De no ser así, tendríamos que acudir con Roberto (¿Sr. Logo o Sr. Loco?) a la consulta de la psiquiatra Dra. Andino (a quien sólo le falta una “S” para existir). “-Bien –comentó la psiquiatra con absoluta tranquilidad-, en primer lugar quiero decirle que no debe asustarse. A esto Freud lo clasificaría como un duelo provocado por la pérdida de un objeto amado. Usted no está loco –manifestó en un tono que a Roberto le sonó sentencia-, usted está sufriendo en términos psiquiátricos lo que llamamos trastorno adaptivo ansioso-depresivo…Nada, solamente se tomará una tableta de benzodiacepina de dos miligramos antes de acostarse y verá cómo en poco tiempo estará tranquilo y centrado.” Roberto no se tomó la benzodiacepina, y eso lo digo yo ateniéndome a la estupenda ironía de Pedro Martínez cuando pretende hacer adictos a la lectura de sus libros no únicamente a nosotros, sino hasta a sus propios personajes. Definitivamente como terapia yo prefiero sus novelas a la benzodiacepina. Y eso es lo que precisamente hizo Roberto cuando casi al final de “Misterios del Tiempo” le rinde un homenaje a su creador de la siguiente manera: “La tranquilidad reinaba en todo su esplendor, después de bañarse tomó un ejemplar de un libro de Pedro Martínez que se encontraba en la mesa de noche, La Habana, paraíso de mis recuerdos y comenzó a leerlo logrando olvidar sus sufrimientos, tristezas y amarguras…”

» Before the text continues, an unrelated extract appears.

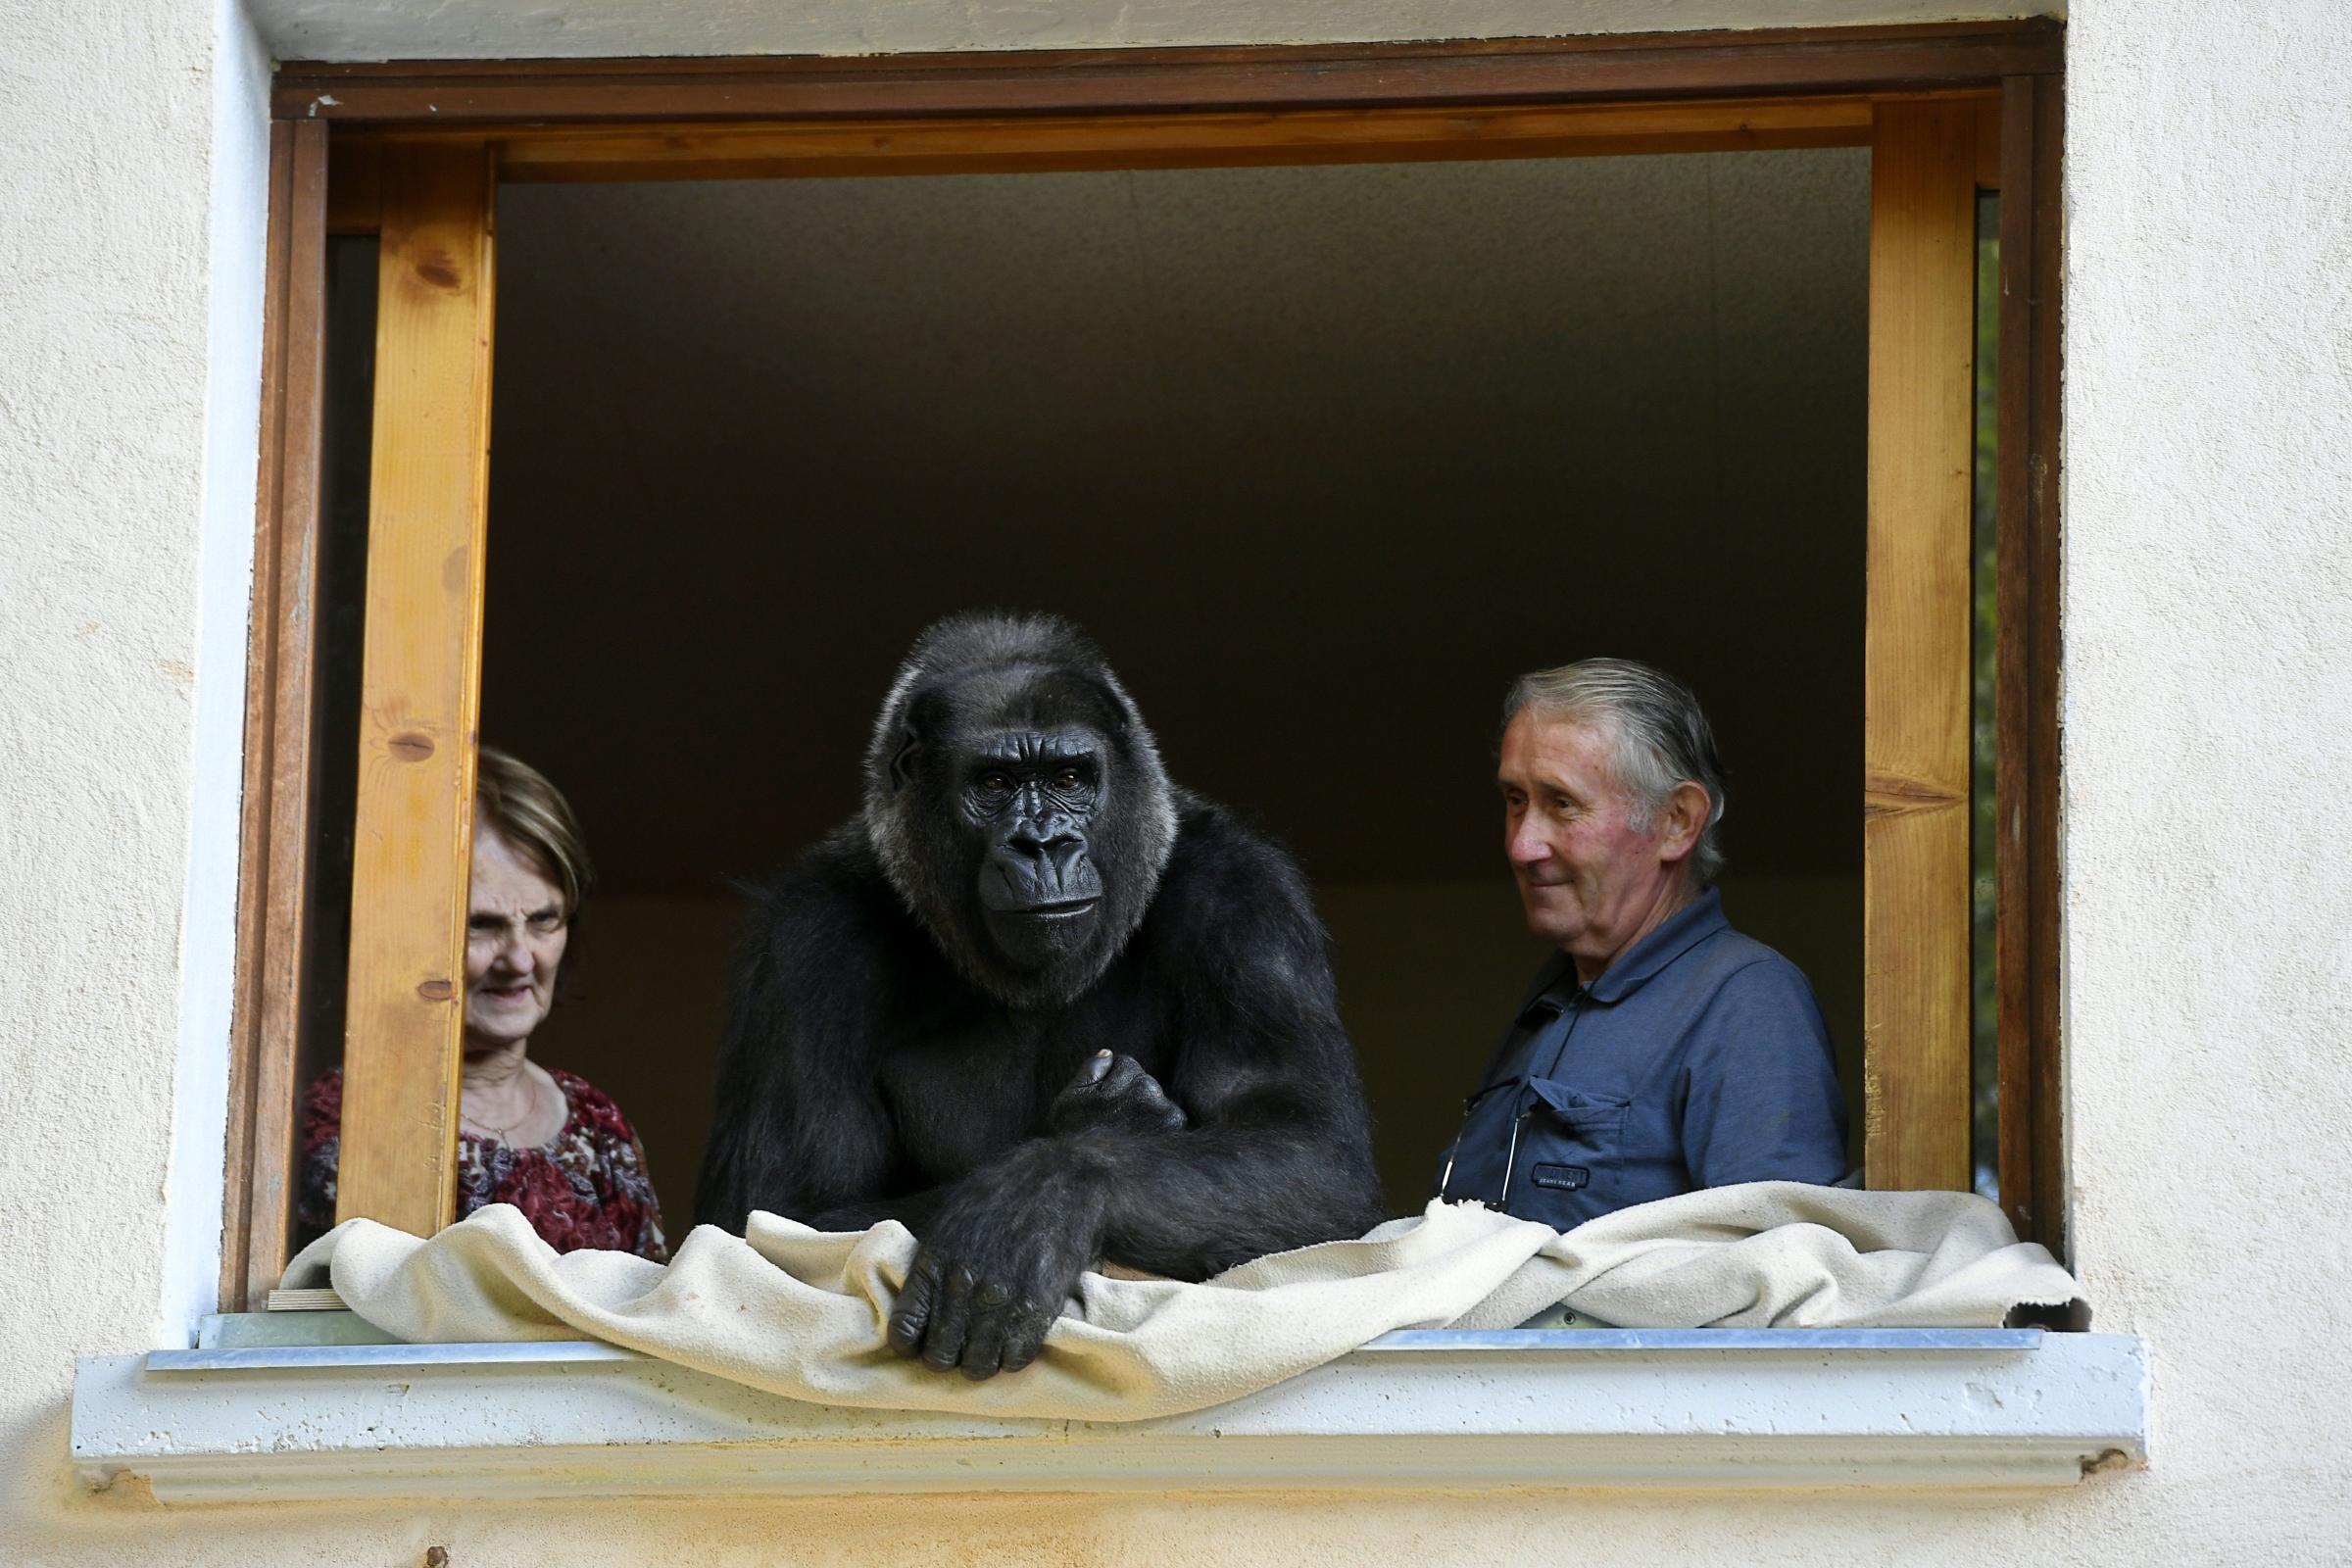 Pierre Thivillon, right, director of the zoological park of Saint-Martin-La-Plaine and his wife Eliane look at Digit, an 18-year-old female gorilla in Saint-Martin-La-Plaine, France, on Aug. 19, 2016.

Con esta novela, descubriremos, por esos misterios del tiempo, que su autor puede llegar a ser su propio personaje, y simultáneamente uno de sus personajes, y no solo transformarse en su más asiduo lector sino que en su mejor crítico. Hay aquí, claramente diagnosticado –y en eso hasta la Dra. Andino estará de acuerdo con Pedro, Roberto y conmigo- el mal de la falta de lectura que sí produce locos y ansiosos-depresivos. Con la obvia excepción de Don Quijote, que perdió el juicio por el abuso de leer libros de caballería. Pero en el fondo, aunque por diferentes vías, Don Quijote y don Pedro perseguían la misma meta y no tomaron benzodiacepina. Hicieron evidente que en la lectura está la cura para “olvidar sufrimientos, tristezas y amarguras”. El autor de “Misterios del Tiempo” monta los planos o dimensiones para que el lector disfrute, descubriéndola y desnudándola por sí mismo, esta inolvidable novela. Es el momento en que deja de ser un misterio del tiempo. El momento en que todos buscamos bajo la almohada este nuevo libro de Pedro Martínez, para poder soñar que hubo una vez un niño de San Miguelito, que ahora es un escritor verdadero.
Luis Rocha
“Extremadura”, Masatepe, 10 de junio de 2011.